Top of Data provided

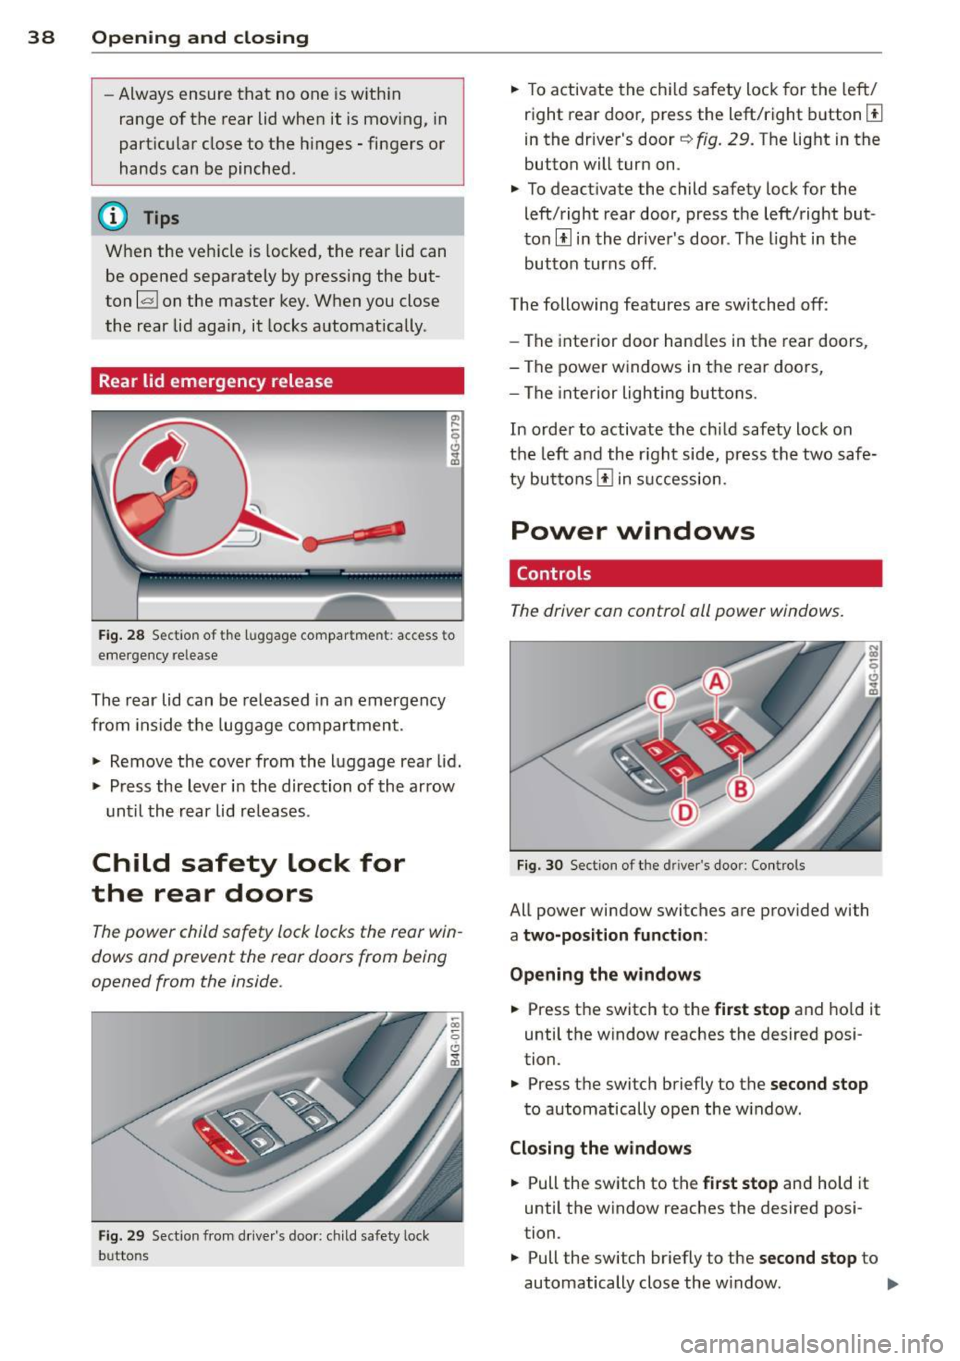 AUDI S6 2013 Owners Guide 38  Opening  and closing 
- Always  ensure  that  no  one  is within 
range  of the  rear  lid when 
it is mov ing,  in 
particular  close  to  the  hinges  - fingers  or 
hands  can  be  pinched. 
(D

Bottom of Data provided

**The problem:** All entries should be given again exactly, except that pictures are to be excluded.

**Problem solution:**
 AUDI S6 2013 Owners Guide 38  Opening  and closing 
- Always  ensure  that  no  one  is within 
range  of the  rear  lid when 
it is mov ing,  in 
particular  close  to  the  hinges  - fingers  or 
hands  can  be  pinched. 
(D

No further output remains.